> DIRECTIONS:
Output a character-exact copy of the data, images removed.

> DATA BELOW:
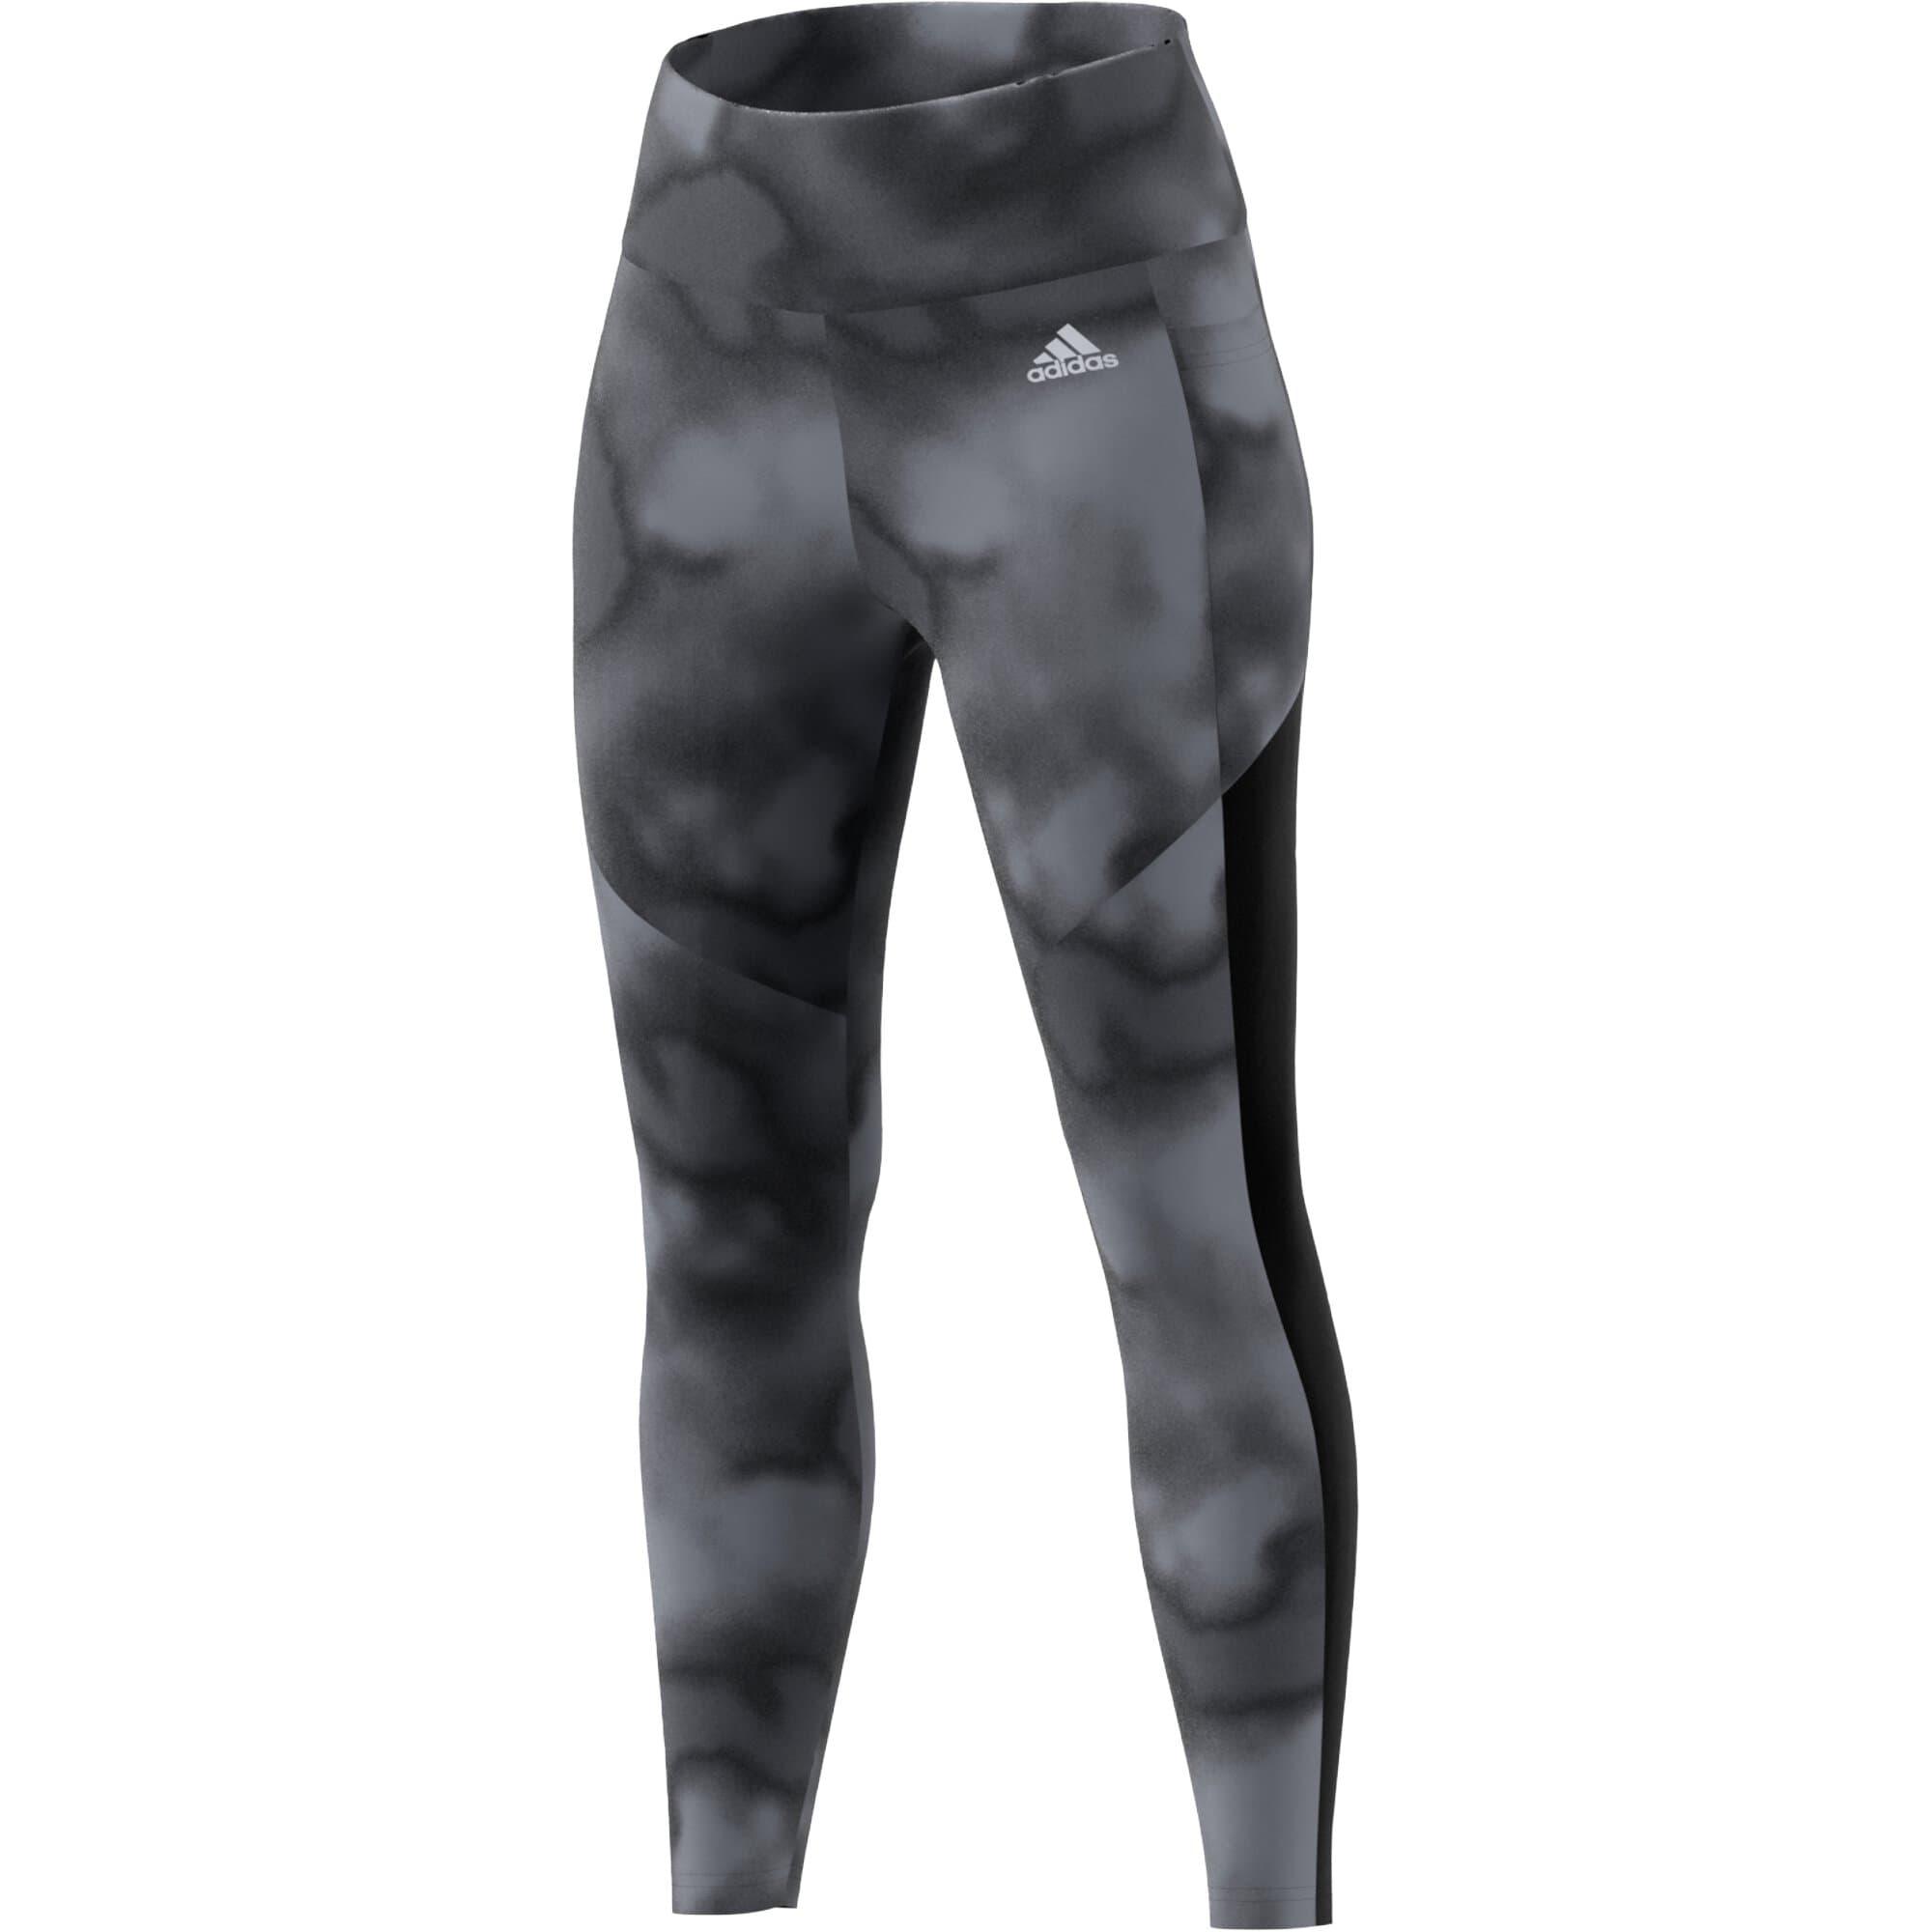 Adidas DESIGNED TO MOVE AOP 7/8 TIGHT Leggings 7/8 pour femme
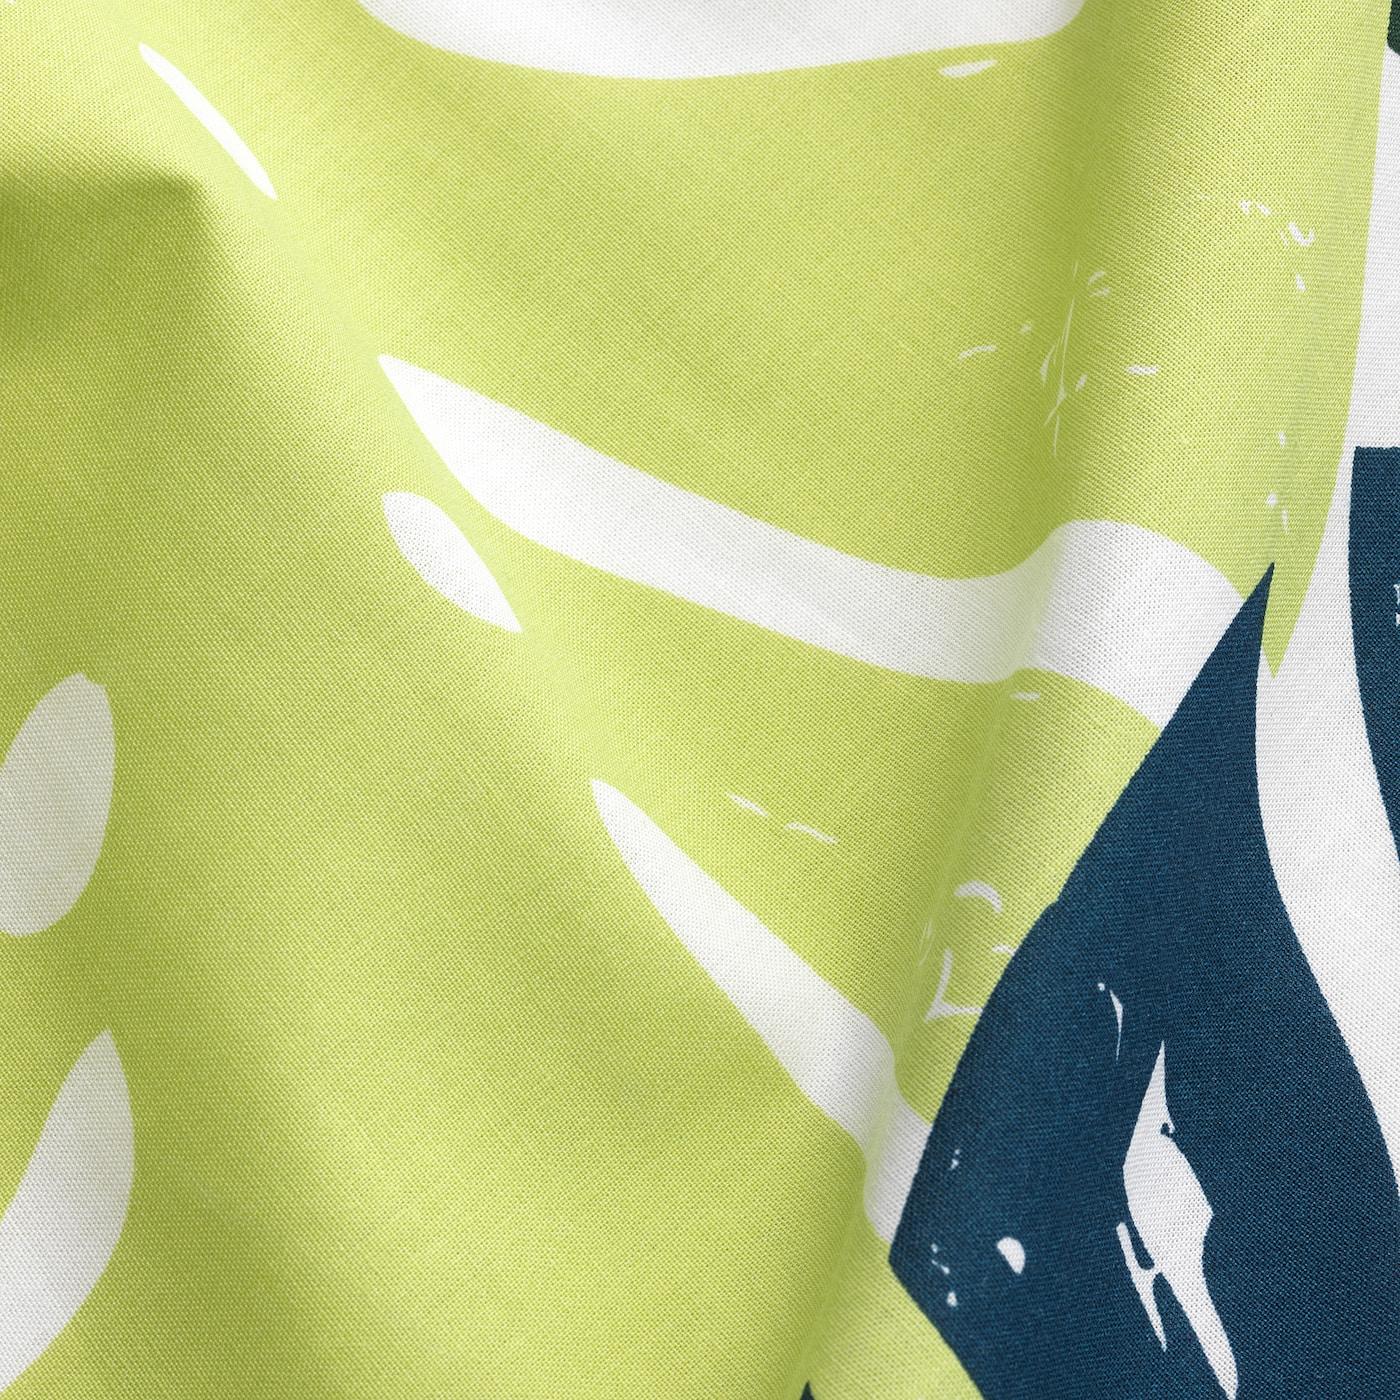 URSKOG curtains with tie-backs, 1 pair green 250 cm 120 cm
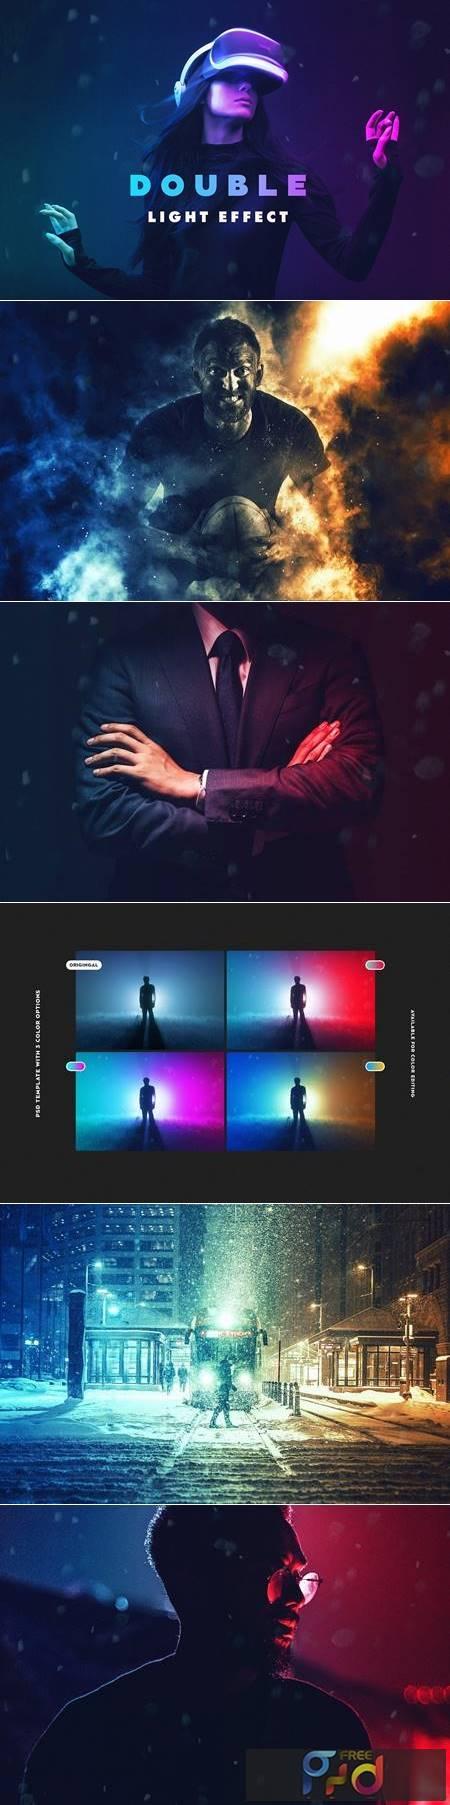 Double Light Photoshop Effect 4974274 1
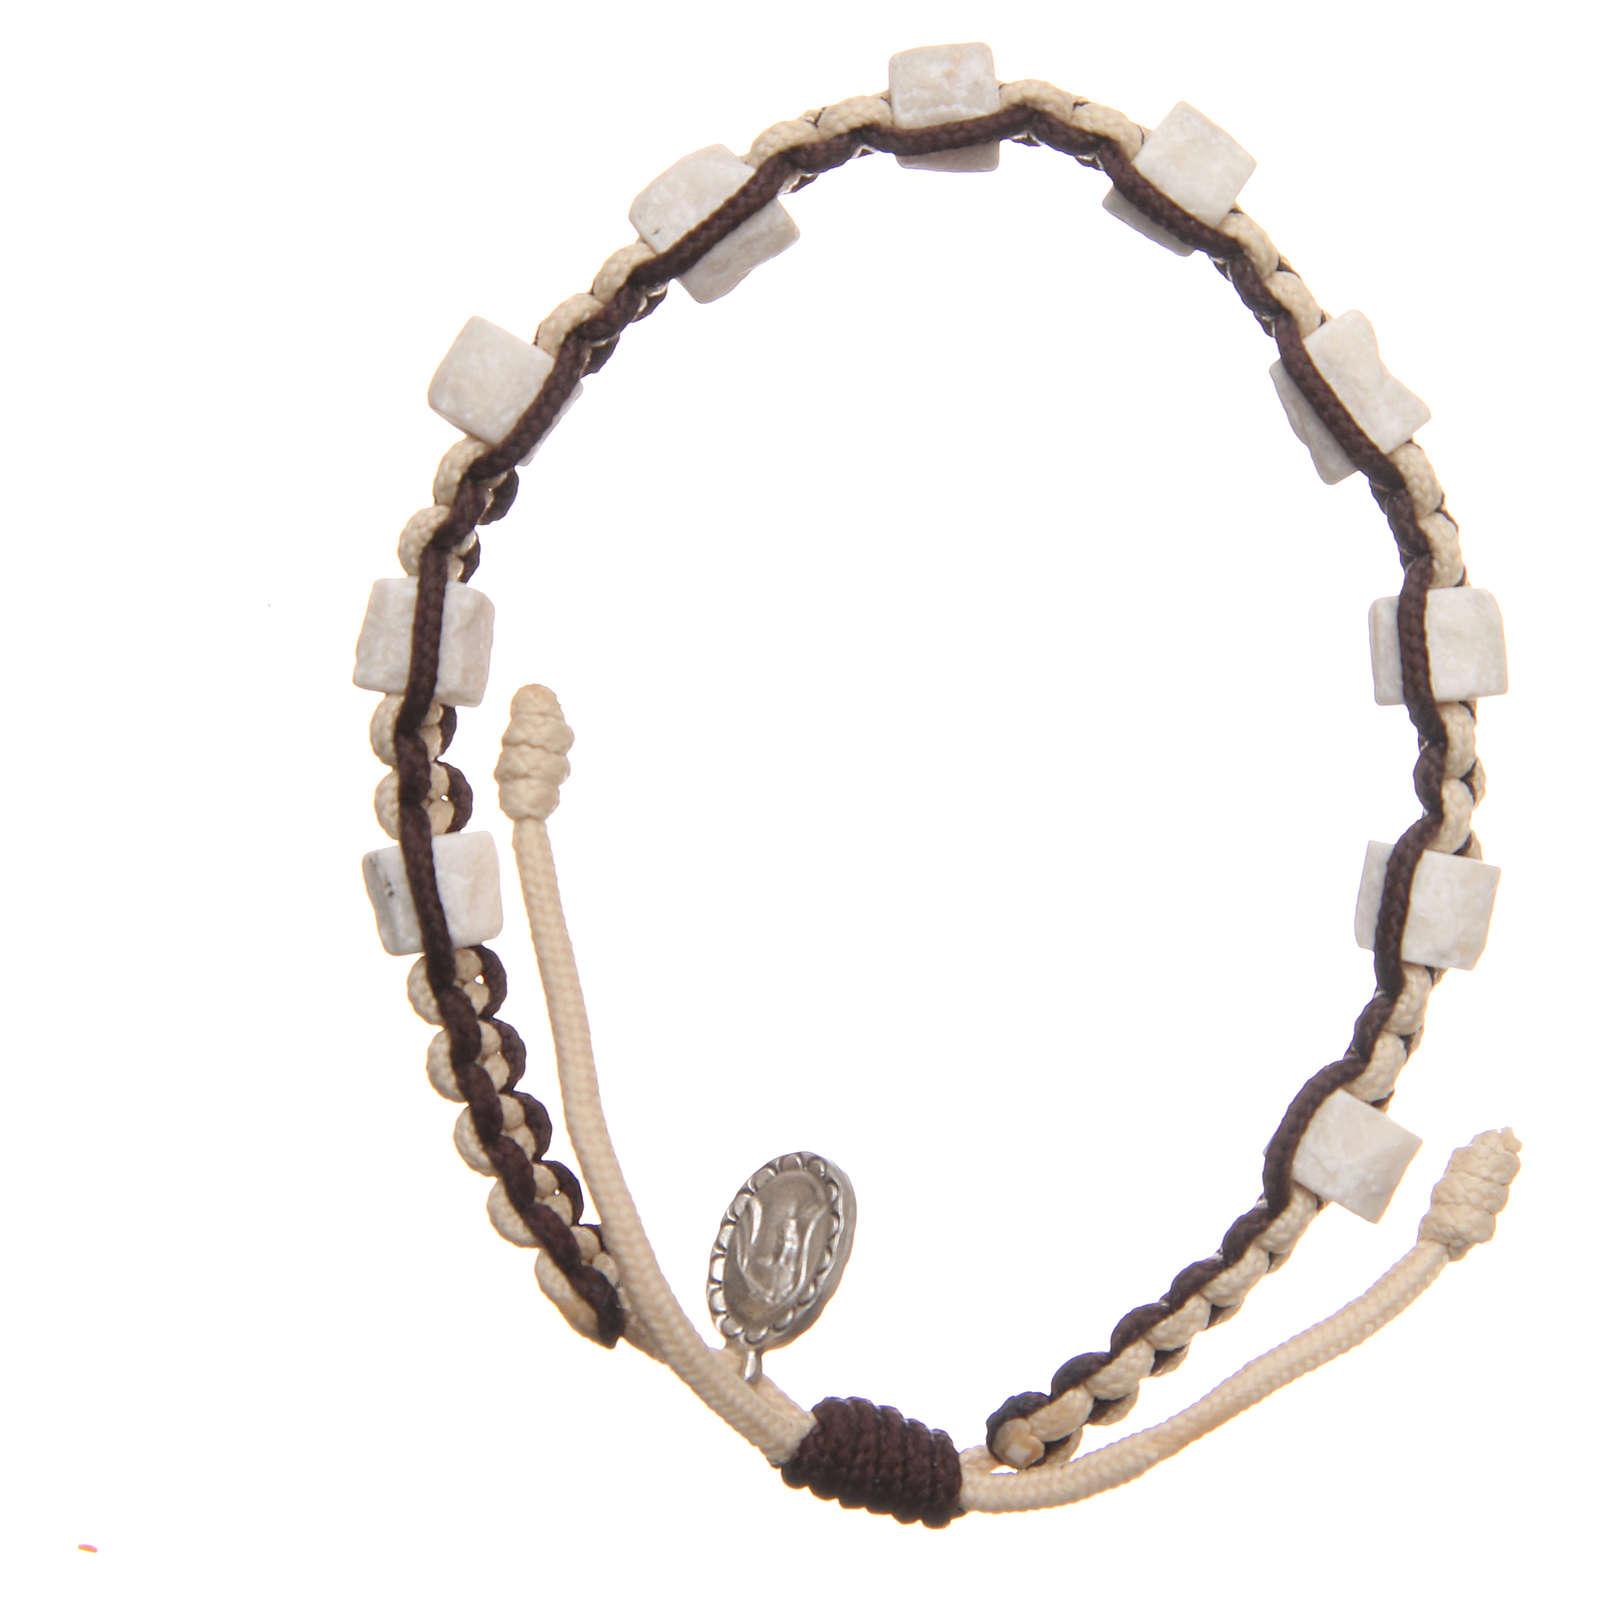 Bracciale decina Medjugorje pietra corda beige marrone 4

> SOLUTION TO THE EXERCISE:
 Adidas DESIGNED TO MOVE AOP 7/8 TIGHT Leggings 7/8 pour femme
 URSKOG curtains with tie-backs, 1 pair green 250 cm 120 cm
 Double Light Photoshop Effect 4974274 1
 Bracciale decina Medjugorje pietra corda beige marrone 4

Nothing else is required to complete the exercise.